Production see history edit this page

Talks about: , , and

High availability

The controller supports leader-elected HA. Enable leader election and run more than one replica; only the lease holder reconciles, while every replica answers admission webhook calls (admission must stay available even on non-leaders).

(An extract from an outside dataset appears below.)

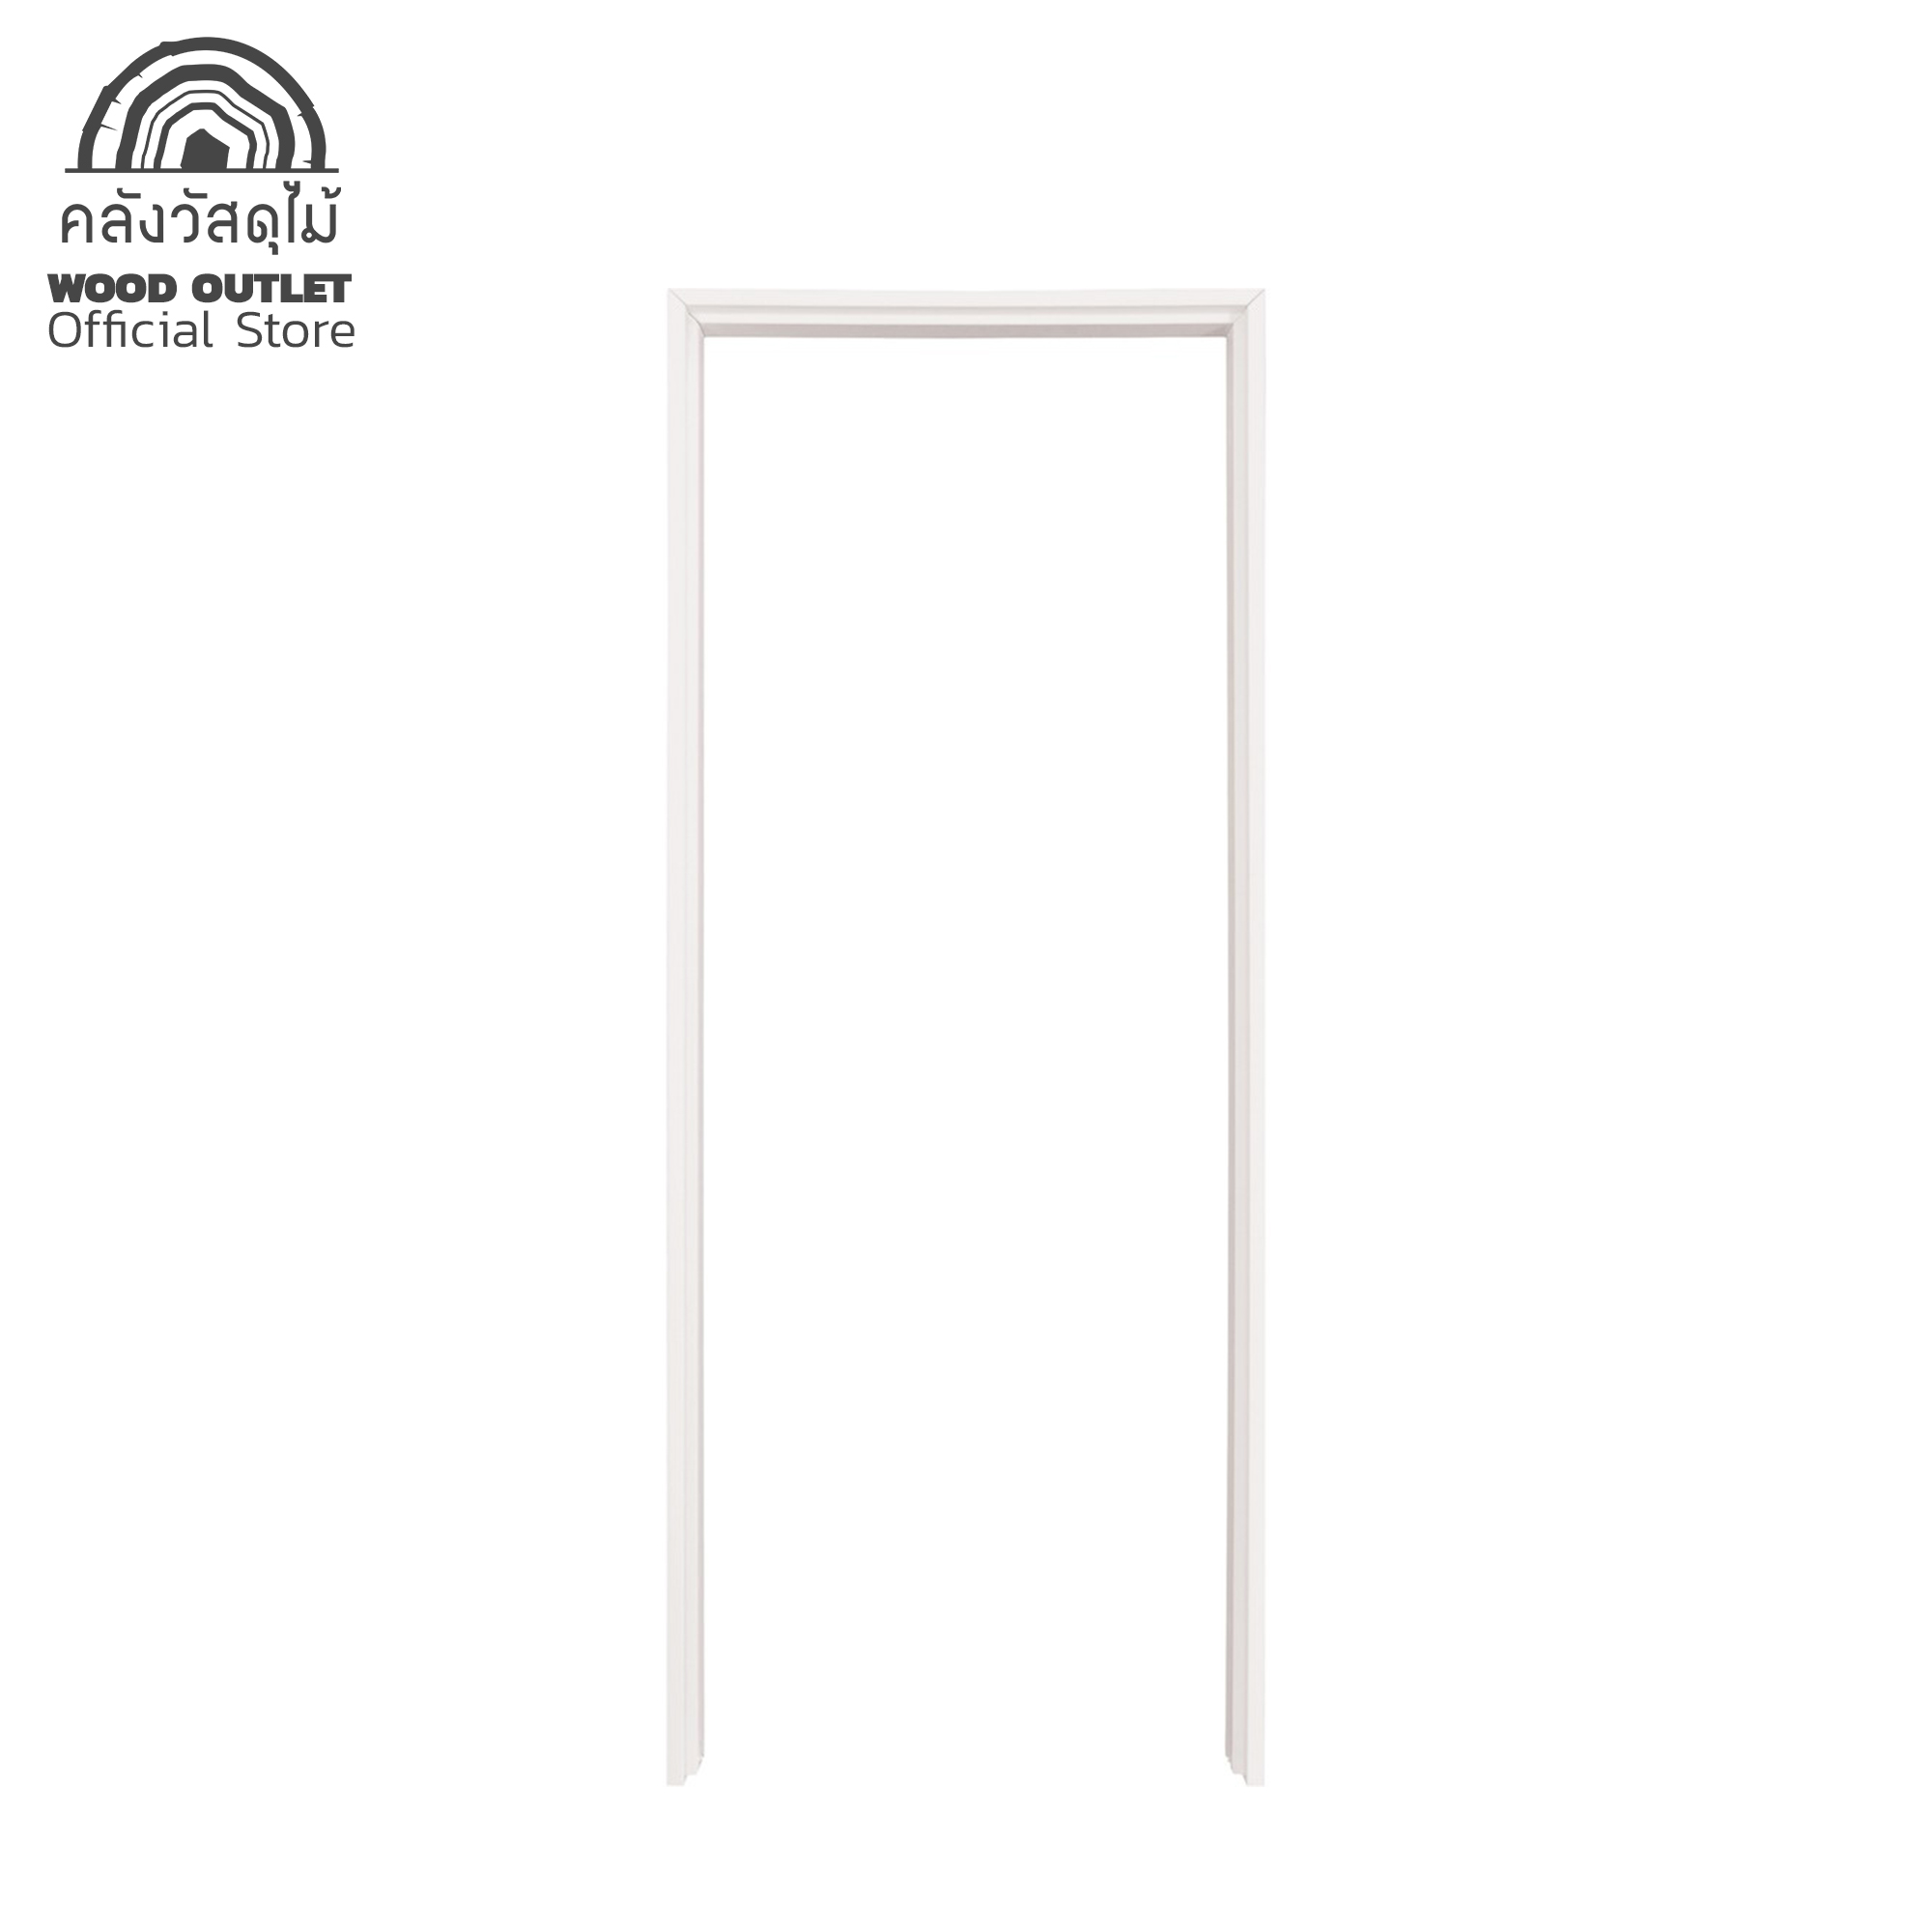 WOOD OUTLET คลังวัสดุไม้ วงกบประตู PVC สีขาว 70x180 cm. ประตูห้องน้ำ ประตูPVC

The controller watches every namespace by default. Multi-tenancy is enforced per StageSet through impersonation (see below). You can additionally scope the controller to a namespace set with controller.watchNamespaces — one controller instance per tenant-group — and run it under cluster-admin for single-tenant clusters; both are covered in multi-cluster and tenancy.

Hardening

Each option below is shown as the Helm values that configure it. Several are already the chart’s defaults, shown so you can see what is applied and override it for a stricter policy.

Tenant impersonation

The controller never applies your manifests with its own identity. Every cluster operation for a StageSet — building, applying, pruning, running actions — is performed impersonating the StageSet’s spec.serviceAccountName (the chart grants the controller impersonate, not write access). A StageSet can only do what its tenant SA permits; an over-broad or missing SA fails closed.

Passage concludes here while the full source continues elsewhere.